DEATH CERTIFICATE

DRUSMAE HAWKINS

Date:  19 February 1951
Cert:  06970
Place of Death: County: Floyd    City or Town: Martin
Length of stay (in this place): 01
Name of Hospital or Institution: Beaver Valley Hosp.
Usual Residence of Deceased: State: Ky.     County: Floyd
City or Town:  Langely, Ky.      Street Address: (blank)
Full Name:  Drusmae HAWKINS 
Date of Death:  19 February 1951
Sex, Color or Race, Marital Status: Female, White, Married
Date of Birth:  (blank)
Age: 40 years
Usual Occupation:  (blank)
Kind of Industry or business: Housewife
Birthplace:  Knott Co.
Father's Name:  John L. SLONE
Mother's Maiden Name:  Susie Ann THOMAS
Was deceased ever in armed forces: (blank)
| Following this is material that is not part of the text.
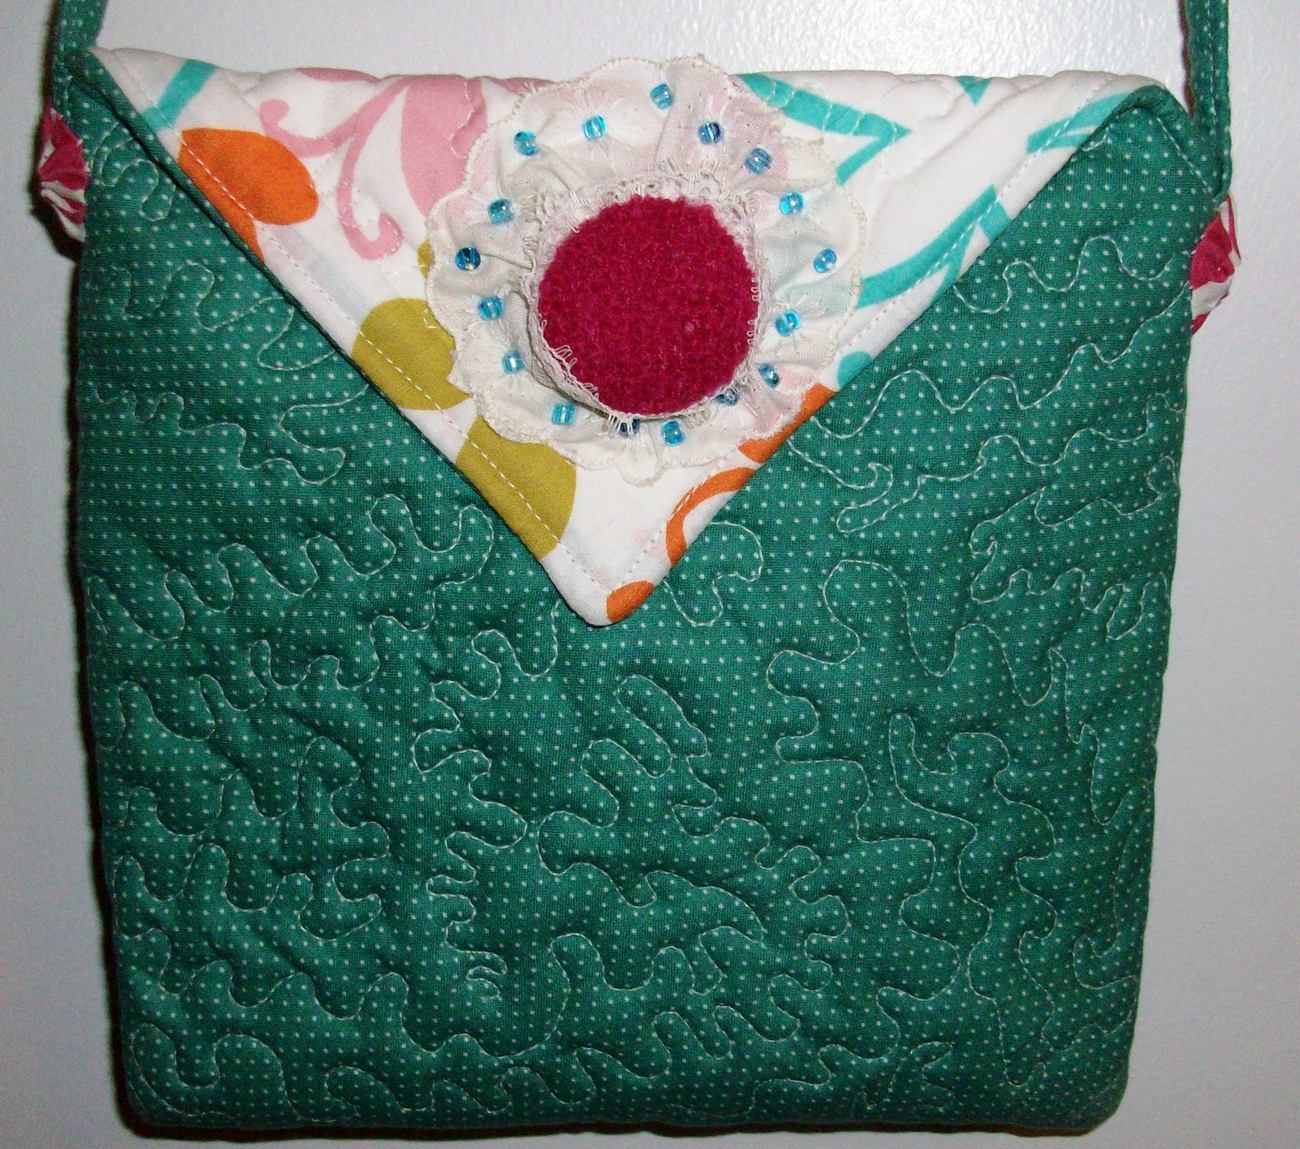 Handmade and Quilted Purse Handbag Original Design by Pursephoric Brand ...
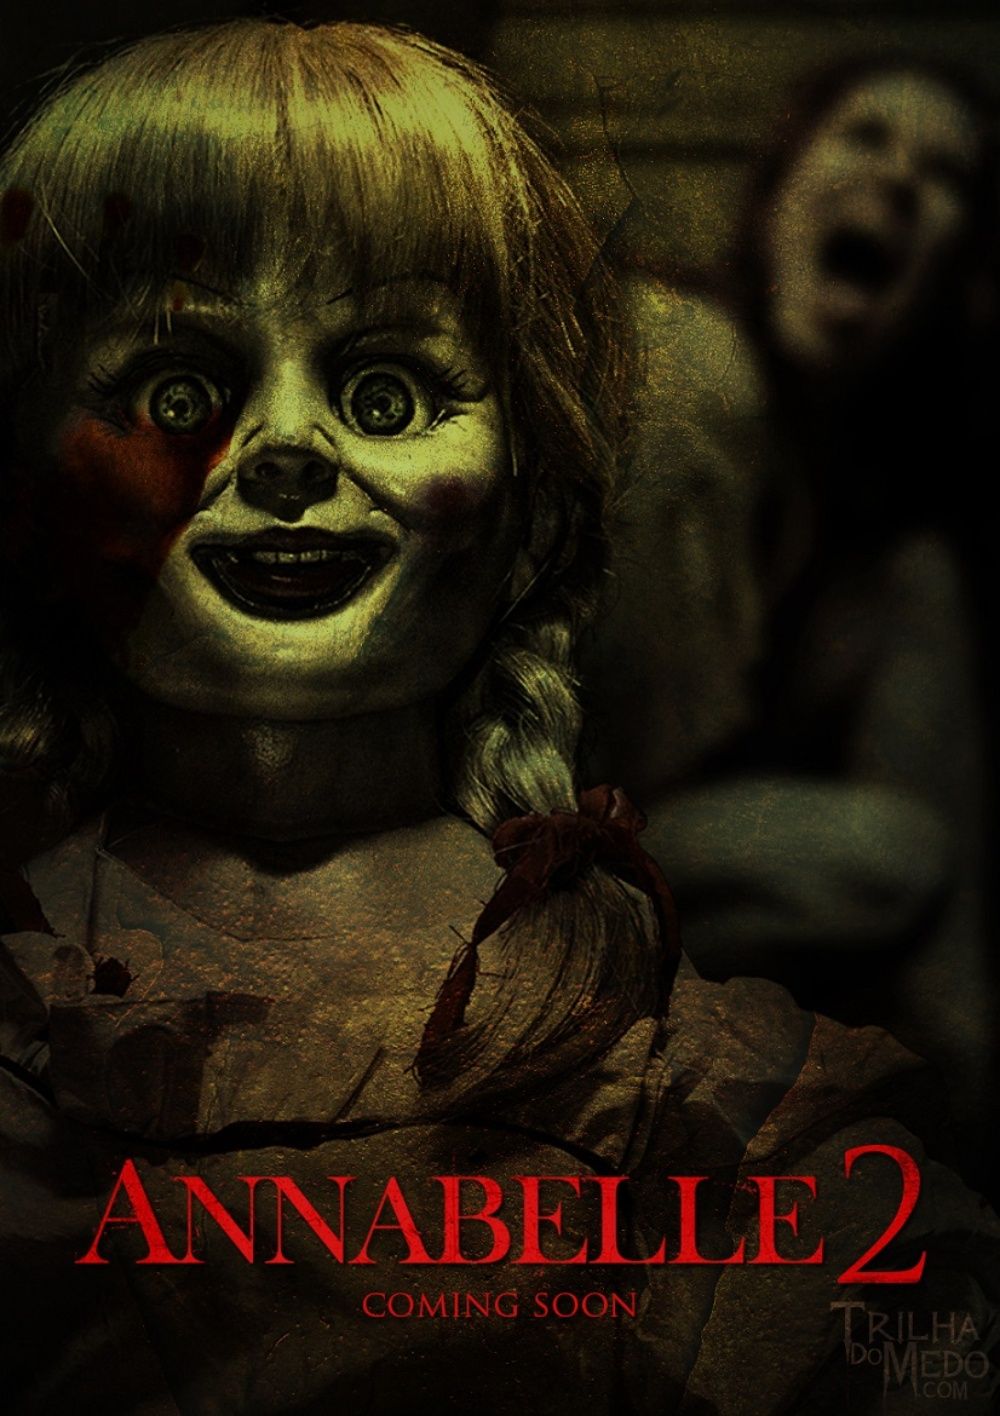 Watch online full movie Annabelle 2 HD MOVIEZ KINGDOM

Social Security No.: (blank)
Informant:  Bob HAWKINS
Disease or condition directly leading to death: Hemorrhagic Nephritis
Interval between onset and death:  (blank)
Due to:  (blank)
Other significant conditions: (blank)
Date of Operation: (blank)
Major findings of operation: (blank)
Autopsy: (blank)
Accident, suicide, or homicide: (blank)
Place of injury: (blank)
City or Town, County, State: (blank)
Time of Injury: (blank)
Injury occurred at work: (blank)
How did injury occur: (blank)
I hereby certify that I attended deceased from 16 February 1947 to 19 February 1951, that I last saw the deceased alive on 19 February 1951, and that death occurred at 12:25 a.m., from the causes and on the date stated above.
Date signed:  (blank)
Address:  Martin, Ky.
Signature:  C. L. Allen, M.D.
Burial, Cremation or Removal:  Burial
Date:  21 February 1951
Name of Cemetery or Crematory:  Cornett Hill
Location:  Pine Top, Perry Co., Ky.
Date received by local registrar:  16 March 1951
Registrar's Signature:  Lucy Ransdell
Funeral director & address:  J. C. Hall, Martin, Ky.